Marketplace Features (Planned)

This inference server will power the following marketplace capabilities:

1. Supplier Management

  • Suppliers can register their business
  • List products with details (name, price, stock, location)
  • Update inventory in real-time

2. AI-Powered Product Discovery

Users with AI access can:

  • Query Stock Availability: "Apakah ada stok laptop gaming di Jakarta?"
  • Get Recommendations: "Saya butuh laptop untuk programming, budget 10 juta, yang bagus apa?"
  • Find Nearest Suppliers: Products are matched based on user's location to show the closest available suppliers
  • Compare Products: AI helps compare features, prices, and reviews

3. Location-Aware Intelligence

  • Automatic supplier-to-user distance calculation
  • Prioritize recommendations based on proximity
  • Suggest delivery or pickup options based on distance

4. Natural Language Interaction

  • Users can ask in natural Indonesian or English
  • AI understands context and user preferences over conversation
  • Personalized recommendations based on chat history

Current Status

FULLY IMPLEMENTED! All marketplace features are production-ready:

  • ✅ Inference server (OpenAI-compatible /v1/chat/completions)
  • ✅ Marketplace database (5 tables with relationships and indexes)
  • ✅ 10+ RESTful API endpoints (suppliers, products, users, AI search)
  • ✅ Location-aware search with Haversine distance calculation
  • ✅ AI-powered natural language product search
  • ✅ Sample data seeding script
  • ⏳ Frontend UI (planned)

Marketplace API Endpoints

Supplier Management

Register Supplier

POST /api/suppliers/register
Content-Type: application/json

{
  "name": "John Doe",
  "business_name": "Tech Store Jakarta",
  "email": "john@techstore.com",
  "phone": "+62812345678",
  "address": "Jl.
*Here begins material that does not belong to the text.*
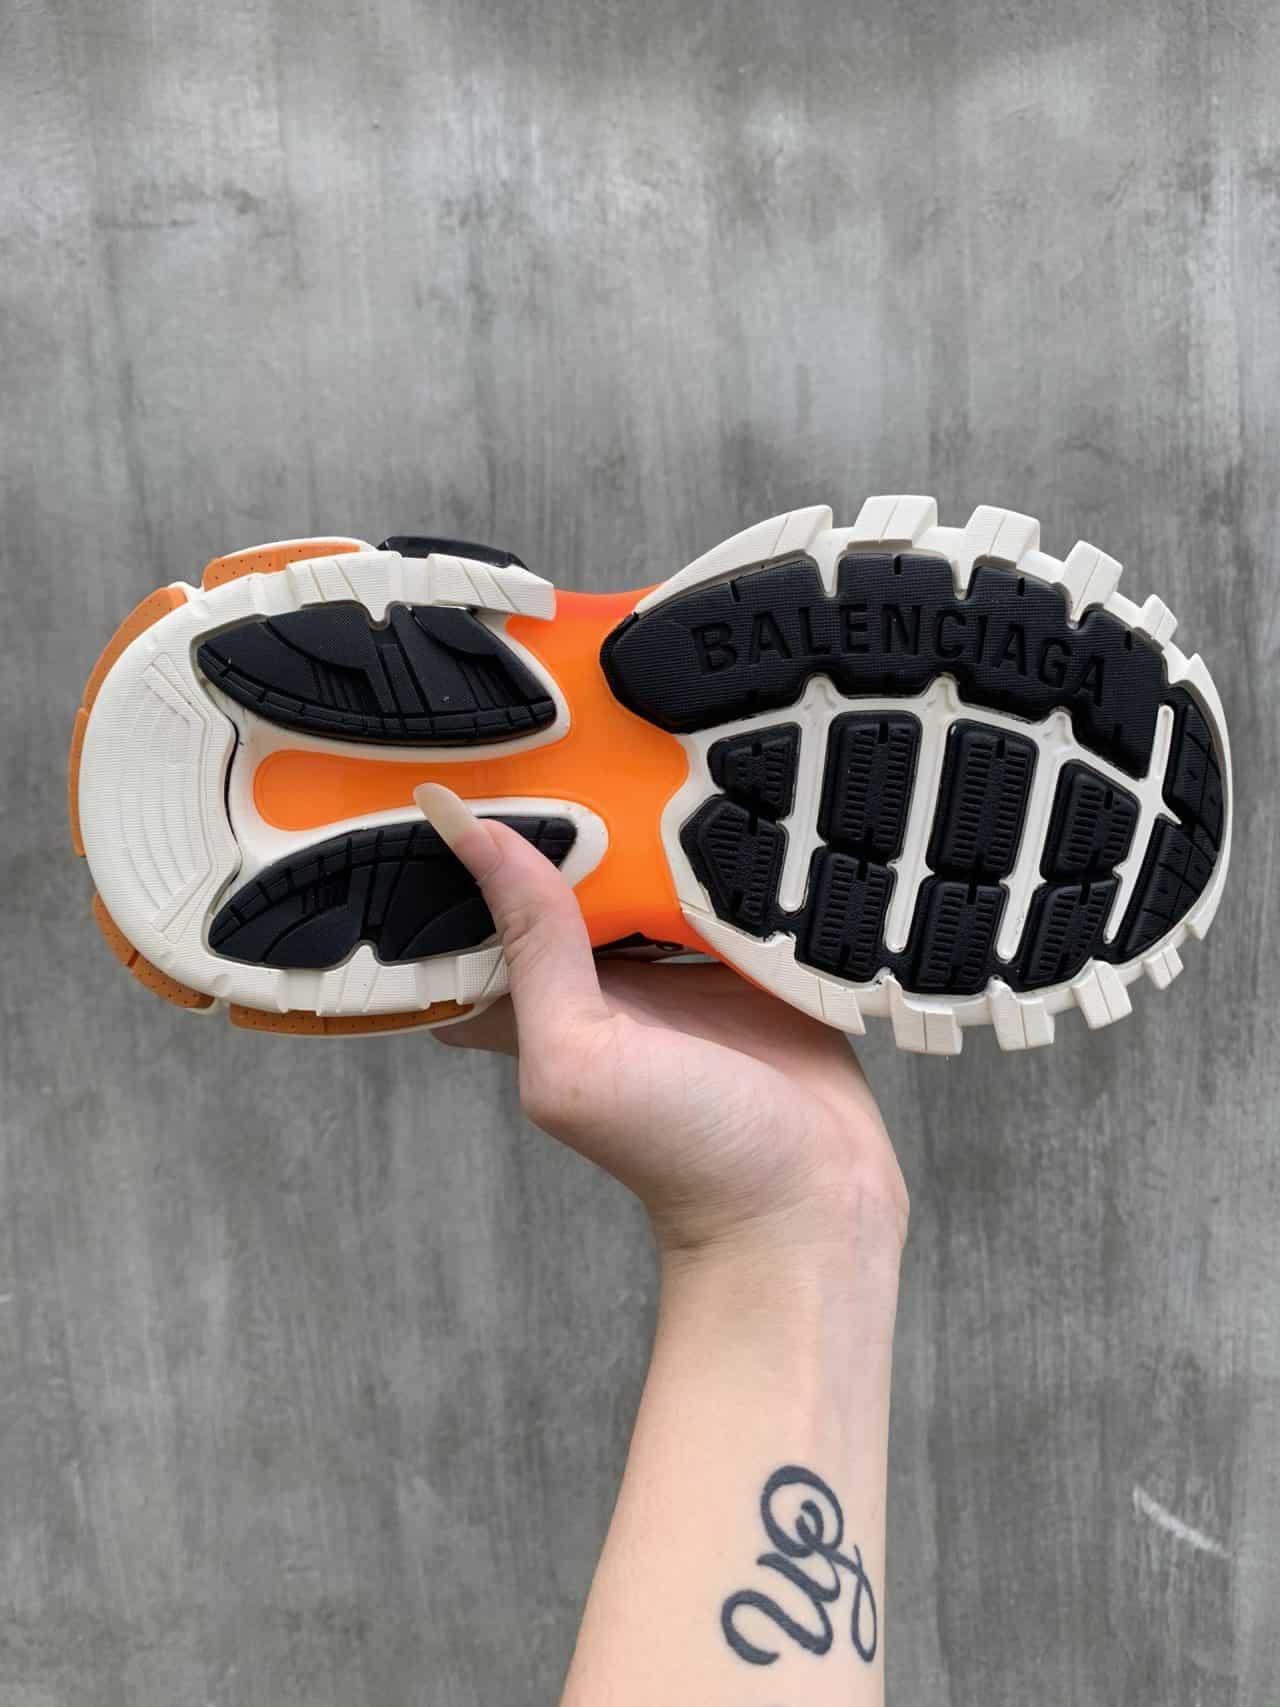 Giày Bata Balenciaga Track Cam Trắng mang lại thời trang năng động, cá tính và khác biệt
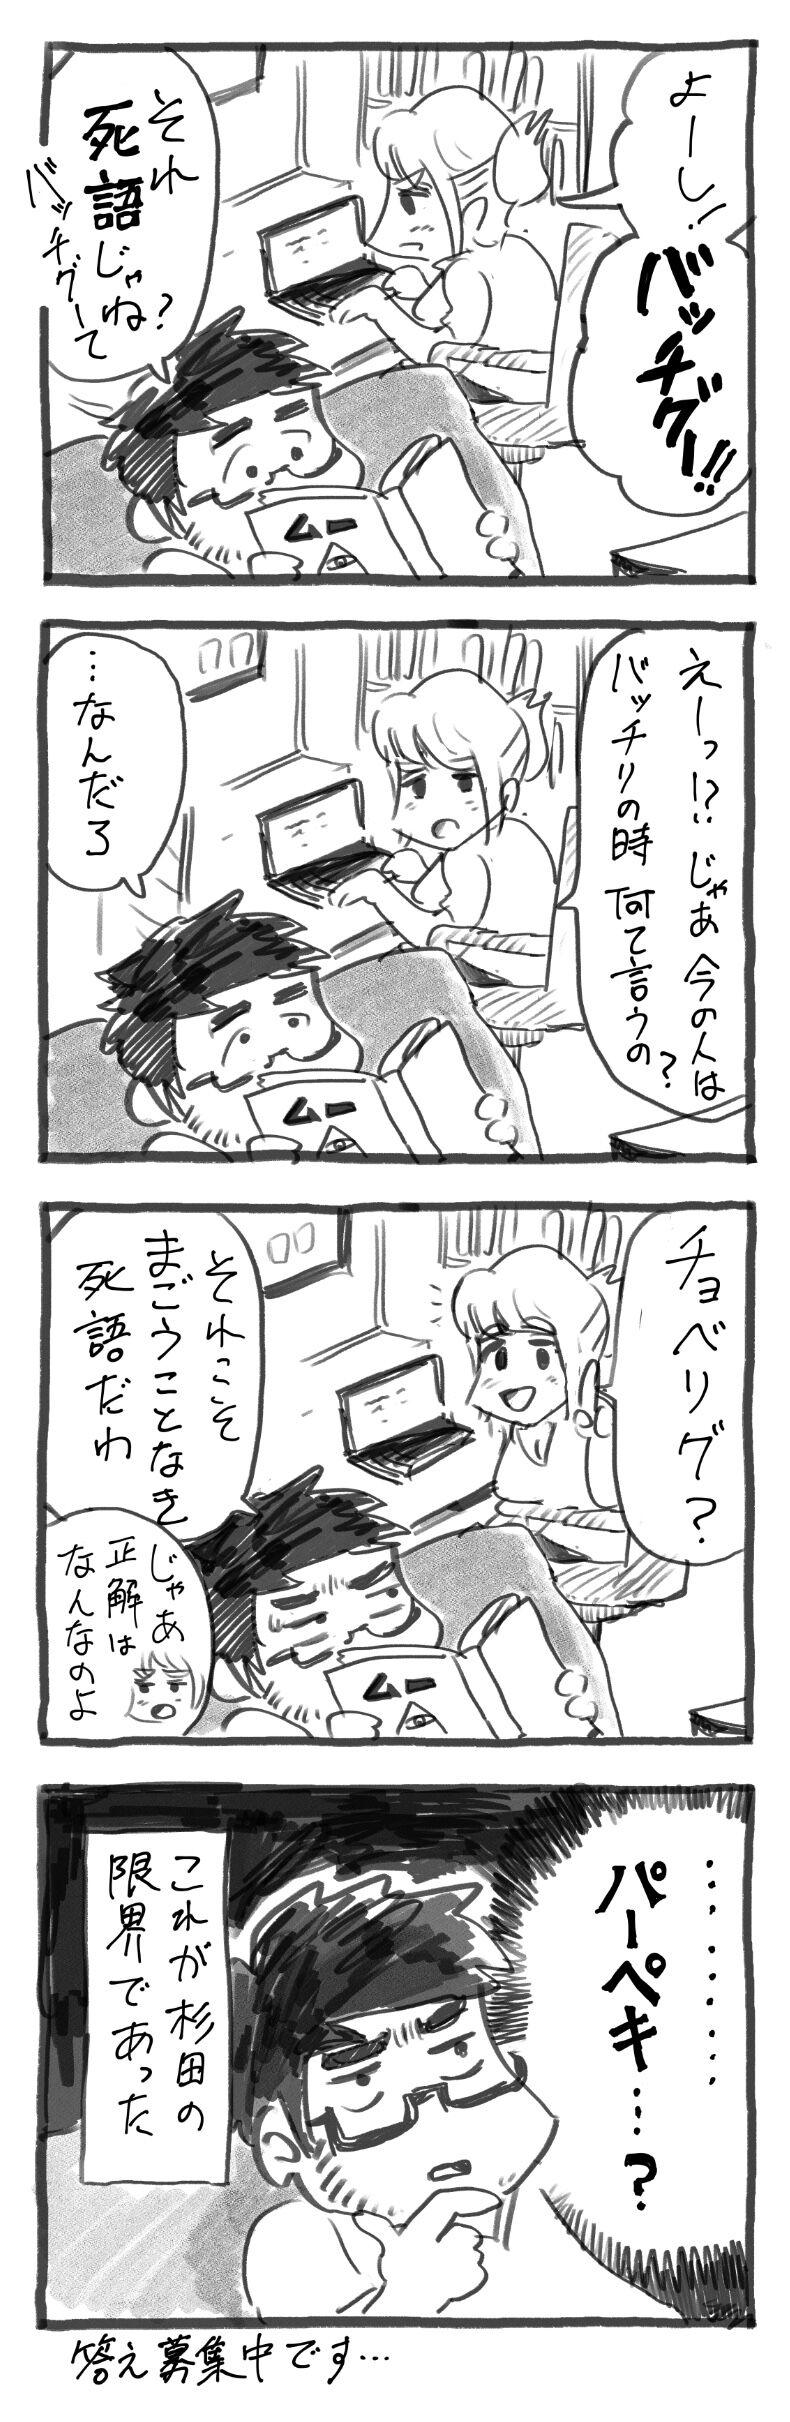 ん ぱおん ぴえ

Sudirman No. 123",
  "latitude": -6.2088,
  "longitude": 106.8456,
  "city": "Jakarta",
  "province": "DKI Jakarta"
}

List Suppliers

GET /api/suppliers?city=Jakarta&skip=0&limit=100

Get Supplier Details

GET /api/suppliers/{supplier_id}

Product Management

Create Product

POST /api/suppliers/{supplier_id}/products
Content-Type: application/json

{
  "name": "Laptop ASUS ROG Strix G15",
  "description": "Gaming laptop with RTX 4060",
  "price": 15999000,
  "stock_quantity": 5,
  "category": "laptop",
  "tags": "gaming,asus,rtx",
  "sku": "ASU-ROG-G15-001"
}

Update Product

PUT /api/products/{product_id}
Content-Type: application/json

{
  "price": 14999000,
  "stock_quantity": 3
}

List Products

GET /api/products?category=laptop&min_price=5000000&max_price=20000000&available_only=true

Search Products (Location-Aware)

GET /api/products/search?q=laptop+gaming&city=Jakarta&user_lat=-6.2088&user_lon=106.8456&max_price=15000000

Response includes distance_km field for each product (distance from user location).

User Management

Register User

POST /api/users/register
Content-Type: application/json

{
  "name": "Jane Smith",
  "email": "jane@email.com",
  "phone": "+62856789012",
  "latitude": -6.2088,
  "longitude": 106.8456,
  "city": "Jakarta",
  "province": "DKI Jakarta",
  "ai_access_enabled": true
}

Get User Profile

GET /api/users/{user_id}

AI-Powered Search (Premium Feature)

The main feature! Natural language product search with AI recommendations.

POST /api/chat/search
Content-Type: application/json

{
  "user_id": 1,
  "query": "Saya butuh laptop gaming di Jakarta, budget 12 juta",
  "session_id": "optional-session-id"
}

Response:

{
  "session_id": "user_1_1731485760",
  "response": "Berdasarkan budget Anda 12 juta dan lokasi di Jakarta, saya merekomendasikan HP Pavilion Gaming (Rp 11.999.000) dari Tech Store Surabaya. Laptop ini memiliki RTX 3050 graphics yang bagus untuk gaming...",
  "products_found": 3,
  "conversation_id": 1
}

How it works:

  1. Parses natural language query (extracts category, budget, location)
  2. Searches database with filters
  3. Sorts results by distance from user
  4. Injects product catalog into AI system prompt
  5. AI generates personalized recommendation
  6. Saves conversation to database for history

Requirements:

  • User must have ai_access_enabled: true
  • Location coordinates help with distance sorting

Database Setup

1. Install Dependencies

pip install sqlalchemy alembic

2. Configure Database

Create .env file (or use .env.example):

DATABASE_URL=sqlite:///./marketplace.db
# Or PostgreSQL: postgresql://user:password@localhost/marketplace
# Or MySQL: mysql+pymysql://user:password@localhost/marketplace

3. Seed Sample Data

python seed_data.py

This creates:

  • 5 suppliers (Jakarta, Bandung, Surabaya, Jakarta Selatan, Medan)
  • 15 products (laptops, smartphones, monitors, accessories)
  • 3 users (2 with AI access enabled)

4. Start Server

python main.py

Database tables are auto-created on first startup.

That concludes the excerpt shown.